Visited by RCAHMS (MKO), 3 June 1997.
Project (4 June 2015 - 5 June 2015)
A condition survey of the Eilean Glas lighthouse complex, Scalpay, undertaken on behalf of Comhairle nan Eilean Siar on 4 and 5 June 2015.
Field Visit (4 June 2015 - 5 June 2015)
One of the first four lighthouses constructed by the Northern Lighthouse Commissioners, this circular stone tower was completed in 1789 to the designs of Robert Kay and Thomas Smith. It remained operational until 1824, when it was superseded by a new tower designed by Robert Stevenson (118898). It appears to have been truncated slightly, probably coinciding with re-roofing after it was decommissioned. It currently only survives to a height of two storeys, although evidence of a third is visible. Half-way up the first floor the wall thickness reduces significantly; this may have been a result of the initial phases of construction not being executed to the intended design.

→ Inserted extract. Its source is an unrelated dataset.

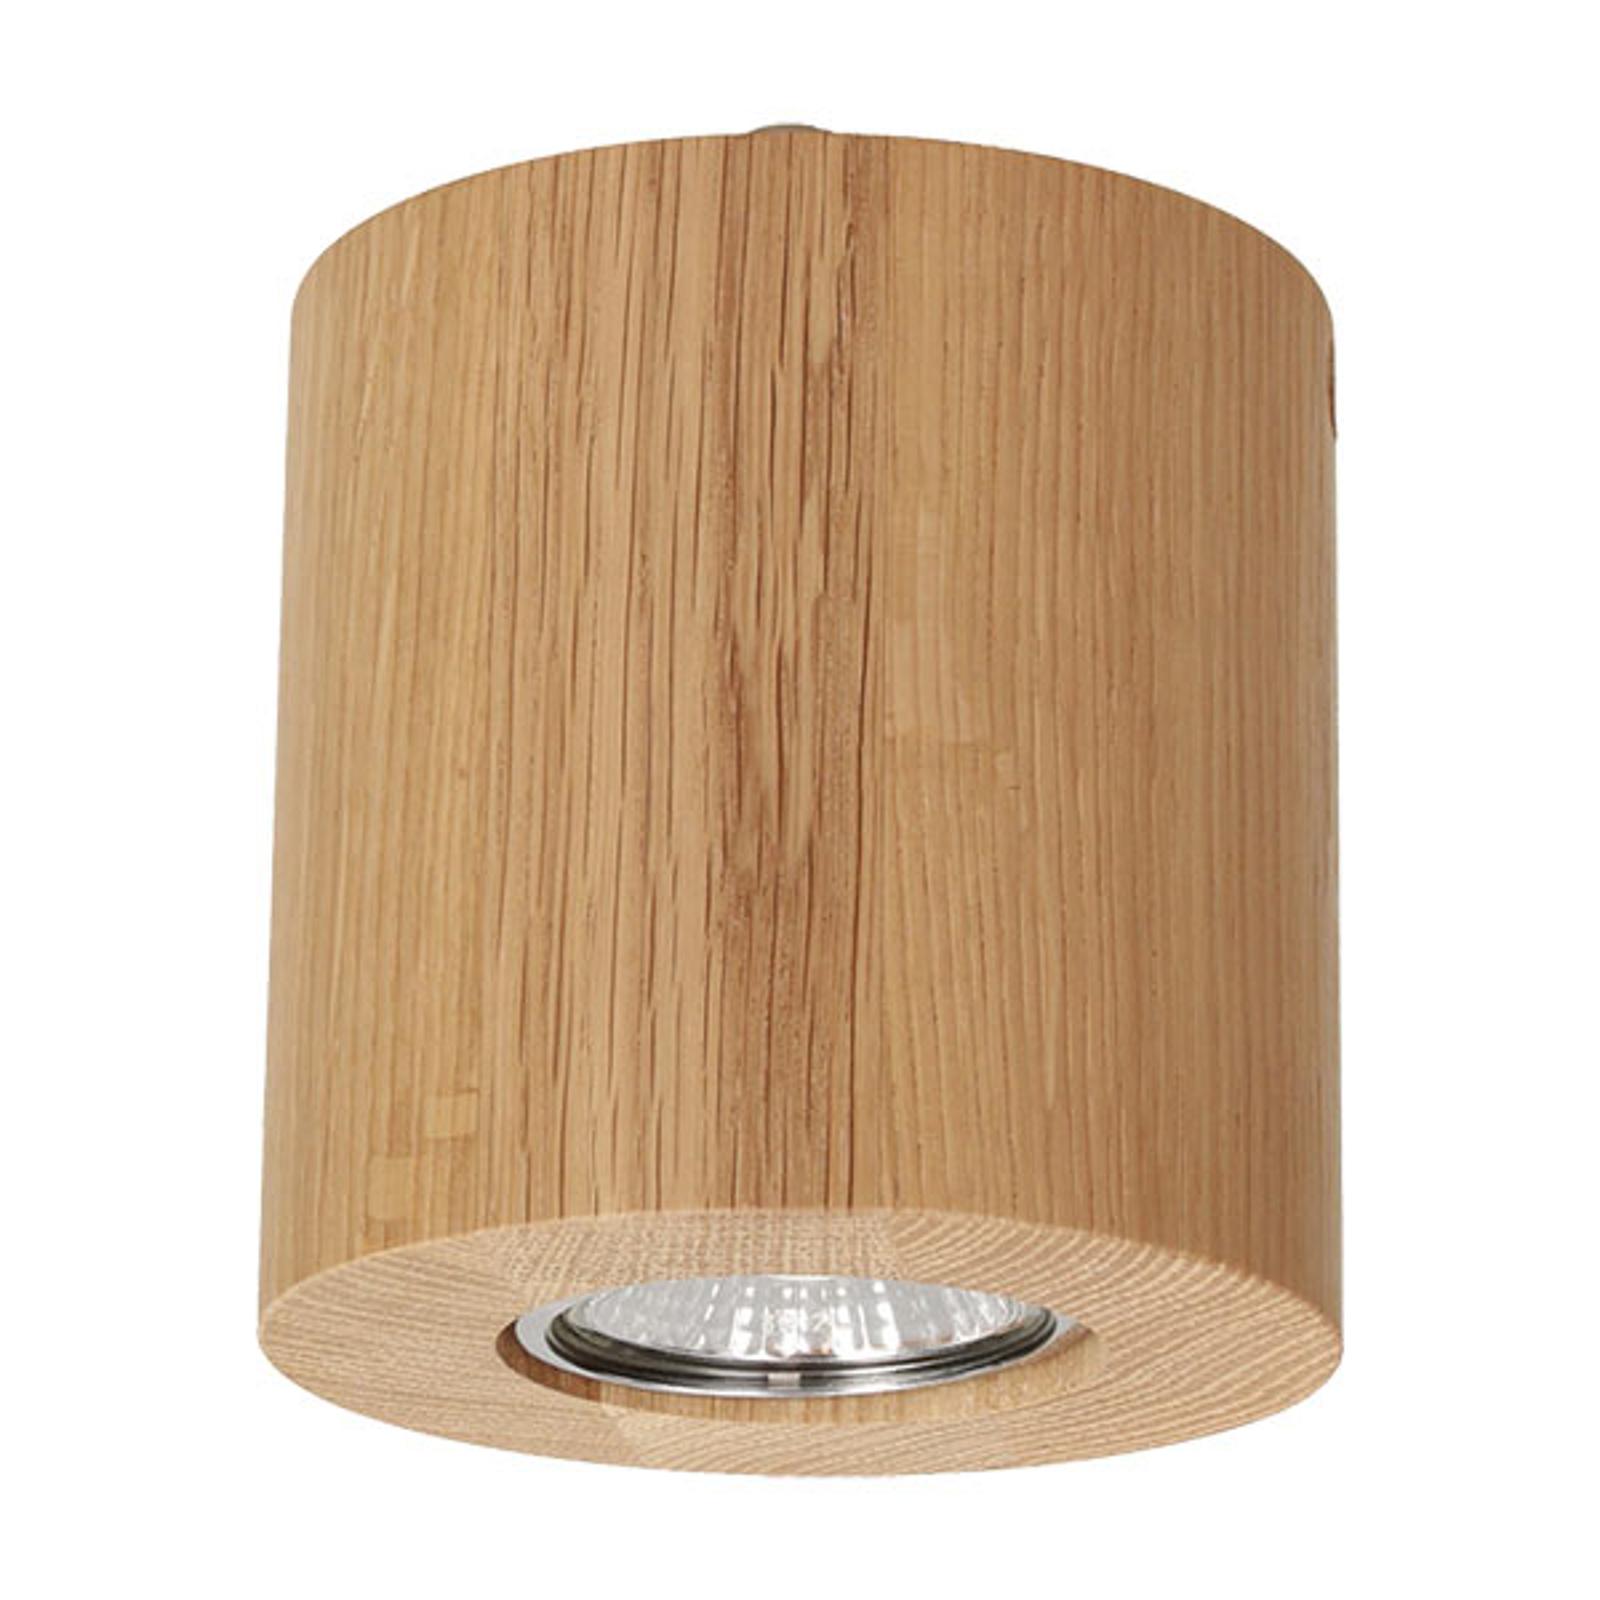 Plafondlamp Wooddream 1-lamps eiken, rond, 10cm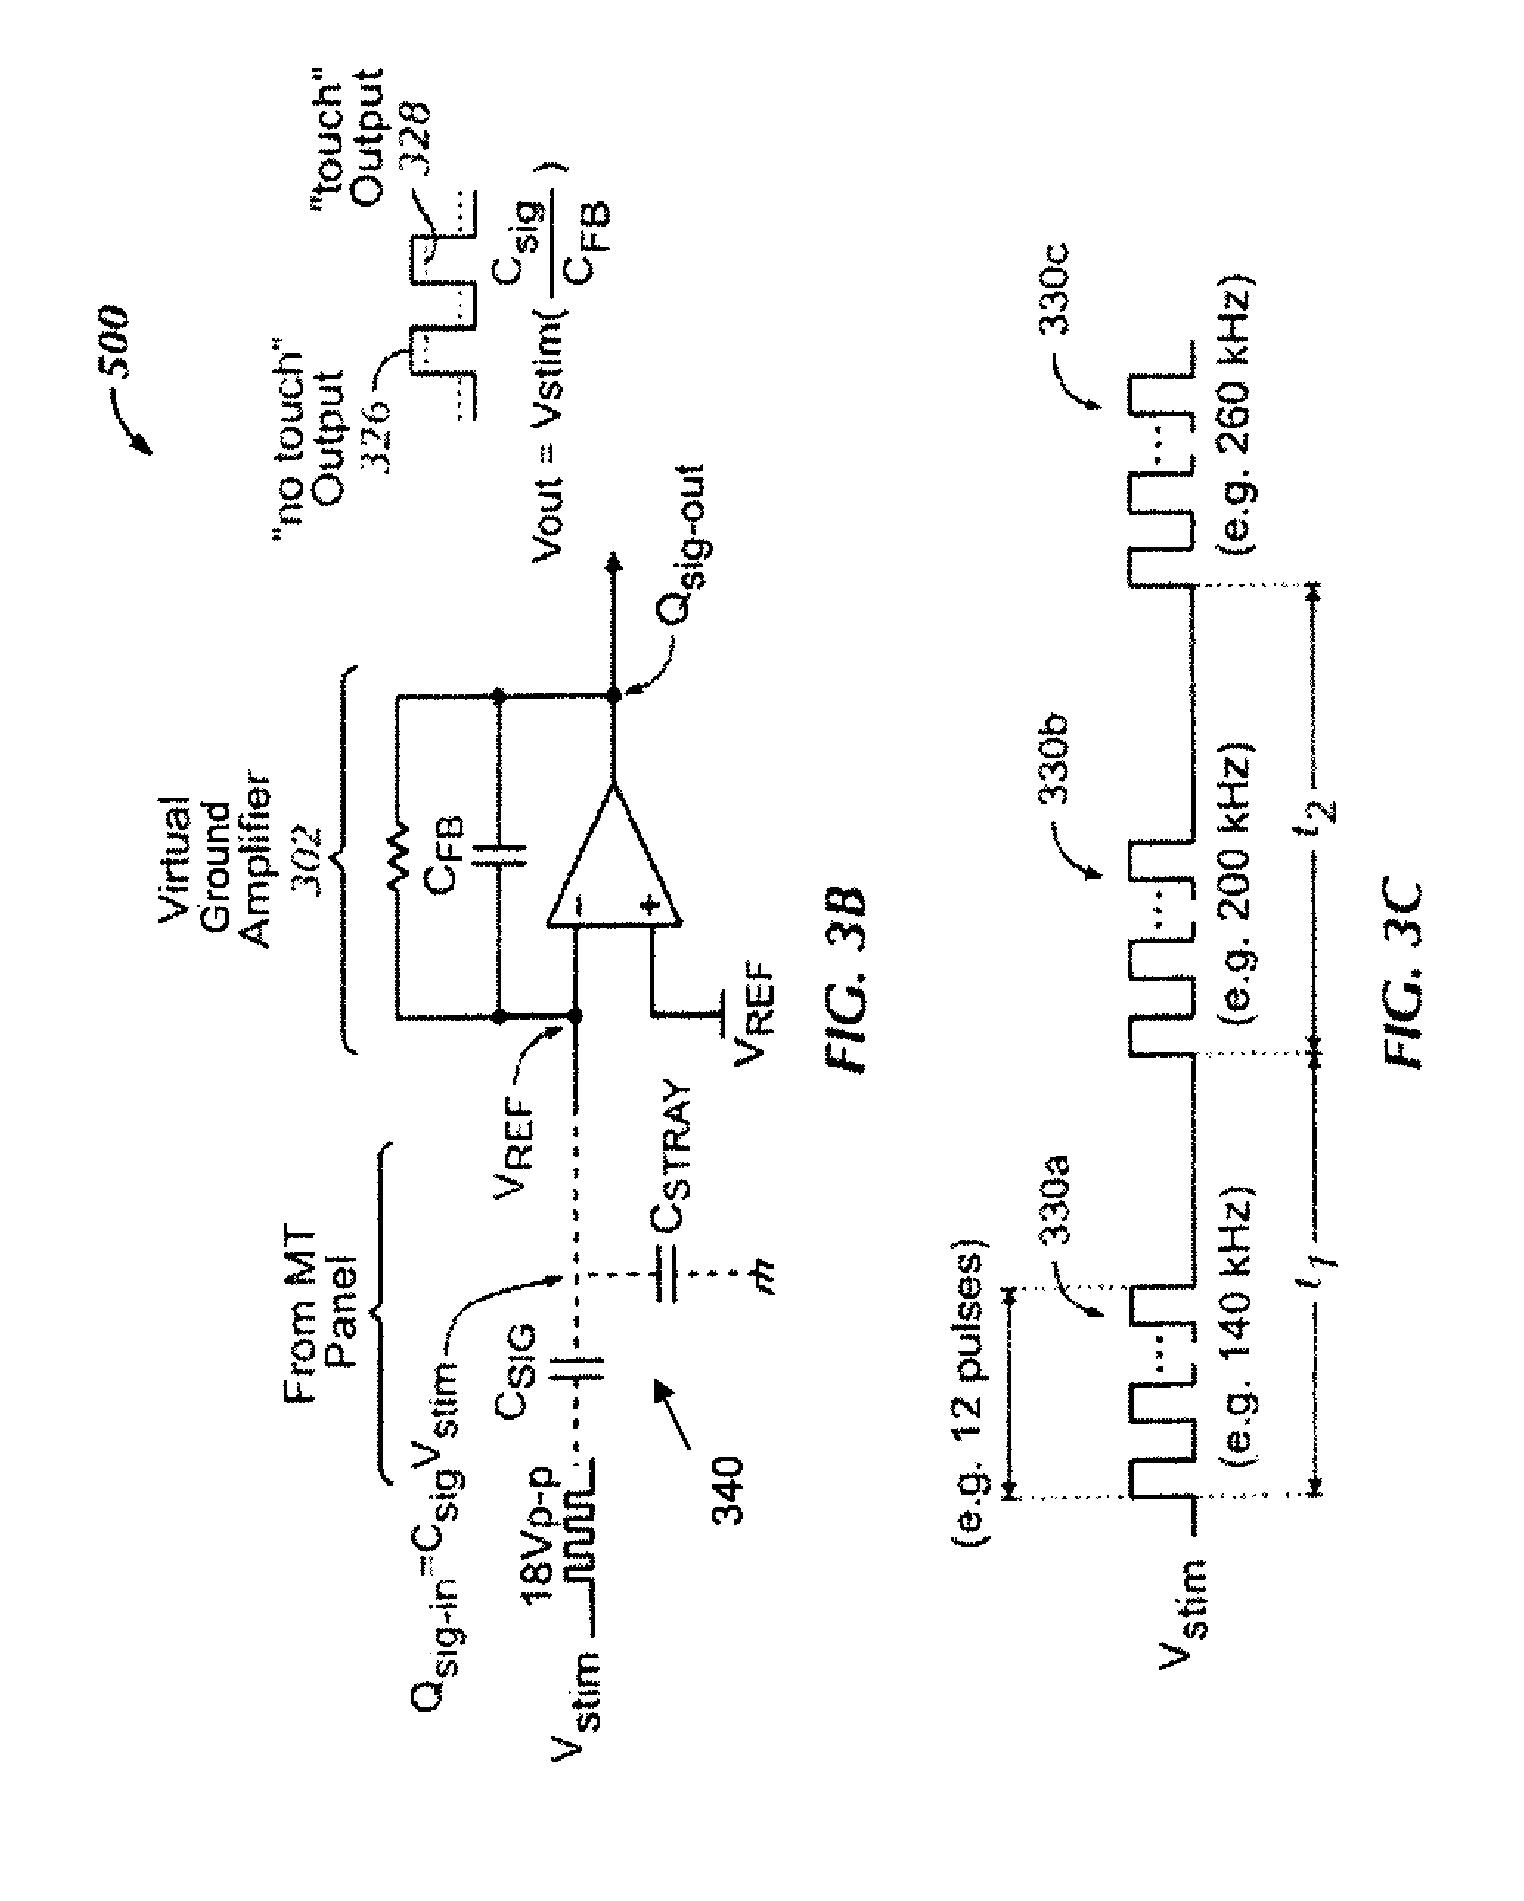 Suzuki Sx4 Wiring Diagram Pics

The tower is accessed via an internal door from the adjoining former keeper’s cottage (350404) to the north, and by an external timber boarded door to the east. There are small windows to the south and north-east. The exterior is lime-washed white; a projecting sandstone course marks the narrowing of the wall thickness in the upper levels. An octagonal chimney protrudes from the northwest exterior of the tower at first floor level. The tower is currently capped by a circular timber beam roof partially covered by sarking boards. Internally the fireplace has been blocked and rendered over; a timber bench structure survives under the window.
One of the first four lighthouses constructed by the Northern Lighthouse Commissioners, construction began on Eilean Glas lighthouse in 1787 . It was first lit on 10 October 1789, and the site has continued to operate through successive phases of development to the present day. The development of the lighthouse can be summarised in four phases: the construction of the first lighthouse and associated buildings in 1787-9; the construction of the second (current) lighthouse and associated buildings in 1824; the construction of a new keeper’s cottage and foghorn in the early twentieth century; and the development of technological infrastructure during the twentieth century, including aerial masts and the helipad.
This structure dates from the first period of the site’s development. The first lighthouse to be constructed at Eilean Glas was a stone tower (268310) with an adjoining keeper’s cottage (350404). A plan of 1813 shows the lighthouse flanked by a courtyard to the east, accessed by a track from the pier (268312), which appears at this point to have functioned as a wharf for loading directly from South Harbour . Also shown is a storehouse near the pier, presumably the same structure that still survives today (268313). The field system, used by the lighthouse keeper to grow food during the day, is shown at its full extent at this point, although only the southern portion is shown as being under cultivation, and the path system is yet to be fully developed.
The lighthouse was automated in 1978, which resulted in the majority of structures on the site no longer being required by the NLB . In 1982 and 1984 these were sold into private ownership . At this point a modern foghorn and an aerial mast were still operational; these have since been decommissioned.